Telegram has been my personal playground for experimenting with NLP and conversational AI. Over the past five years, I accumulated a private group chat with recurring inside jokes, emotional context, sarcastic replies, short one-liners, and messy multilingual threads — the exact opposite of ideal training data. This talk documents how I fine-tuned a Large Language Model on that chat history to create a chatbot that speaks in my style.
Instead of focusing on already well-documented LoRA fine-tuning tutorials, this session shows the real challenges behind turning unstructured human communication into a usable dataset. I’ll walk through how raw Telegram exports become prompt-response training pairs, why Instruct models refused to learn my dark humor, how tokenization mistakes destroyed training stability, and why a 30k dataset of private interactions is worse than it looks.

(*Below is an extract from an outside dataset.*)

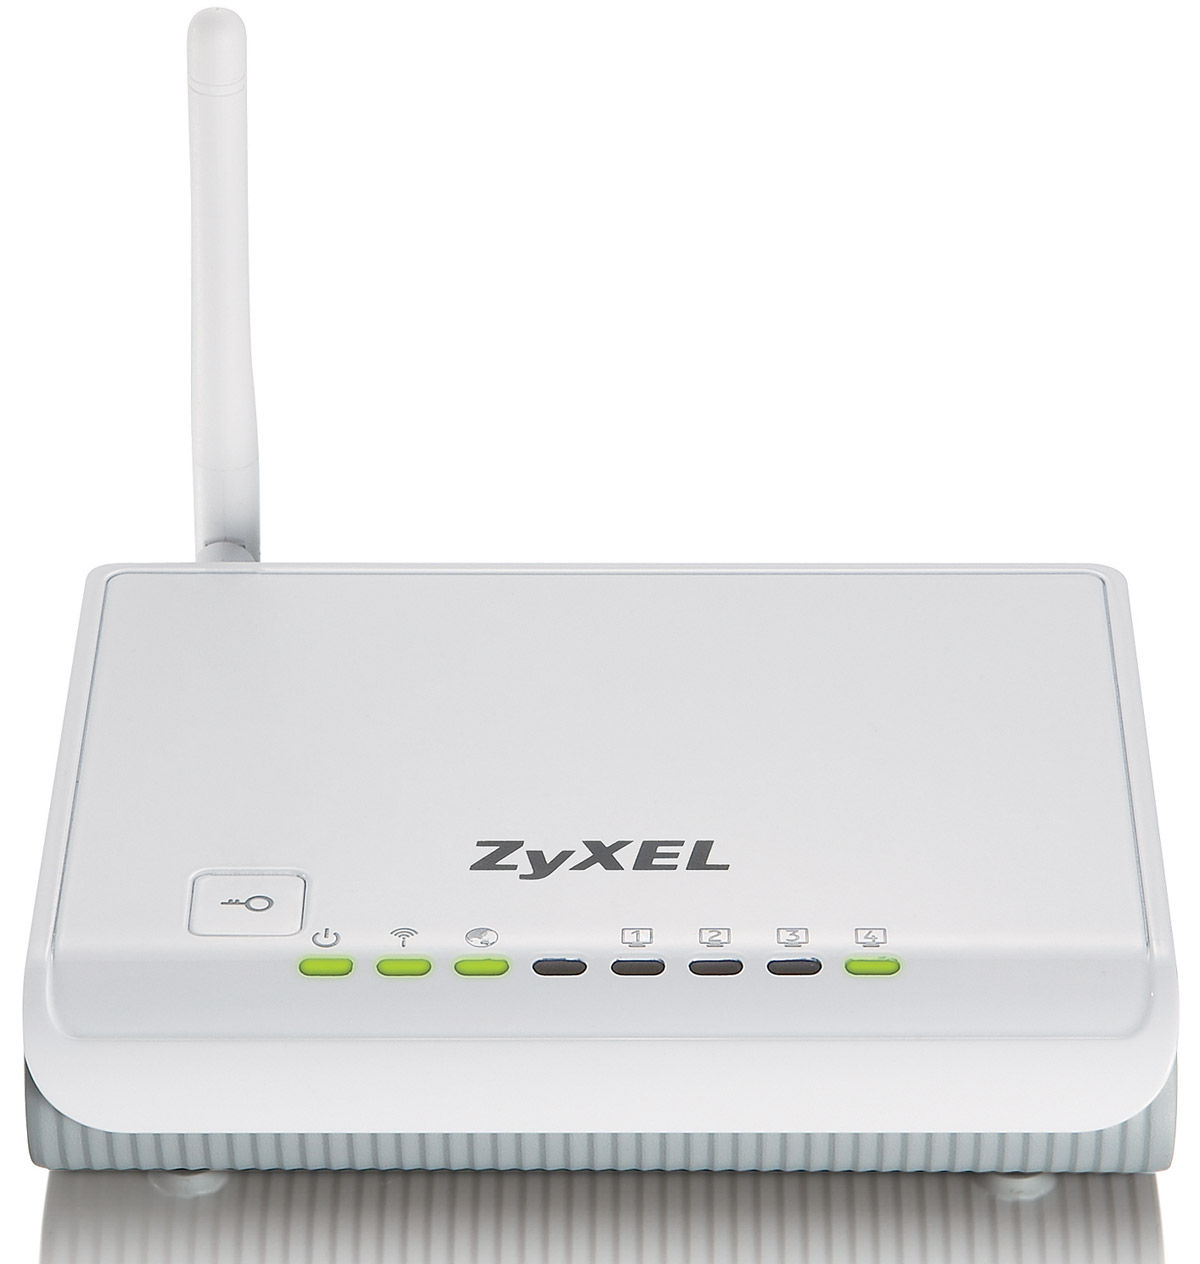 ZyXEL NBG-417N Default Password & Login, Manuals and Reset Instructions ...

Attendees will learn what works, what breaks, and what to avoid when training personality-driven LLMs. We’ll look at surprising insights: the model reproducing one-word time messages, the loss explosion caused by inappropriate humor threads, and how shorter context windows produced more coherent imitation of my tone.
This talk is an honest exploration of the technical, ethical, and psychological implications of building a digital version of yourself.
Outline:
Motivation — Why attempt a digital self From early Telegram bots and failed Seq2Seq models to attention-based LLMs; the project driven by curiosity, not necessity.
Data extraction: Telegram ≠ dataset HTML exports converted to JSONL; group chat chaos, multi-turn threads, and prompt–response formatting to teach conversational flow.
Dataset engineering: real mistakes Sarcasm, toxicity, and dark humor breaking models; overrepresented patterns (like time replies); why “include everything” distorts personality.
Model selection TinyLlama hallucinations vs. Mistral’s nuance; why Instruct models reject certain humor; switching to Mistral-7B-v0.1 to unlock tone.
Training strategy with LoRA QLoRA setup, tuning r/alpha/dropout, small batches with accumulation, avoiding catastrophic forgetting, and real GPU costs (L4 vs A100).
Tokenization: easiest way to fail Prompt+response concatenation with prompt masking; how token length and masking errors ruined runs; respecting max_length.
Inference and reality check TinyLlama’s broken tone vs. Mistral capturing inside jokes; temperature shaping sarcasm; absurd, funhouse-mirror outputs.
Unexpected lessons Humor spikes loss, time replies dominate, shorter threads learn better tone; imitation is sometimes distorted but compelling.
Ethics and psychological complexity Private data and consent, style vs identity, when the model sounds “too close,” and why curation is a moral decision.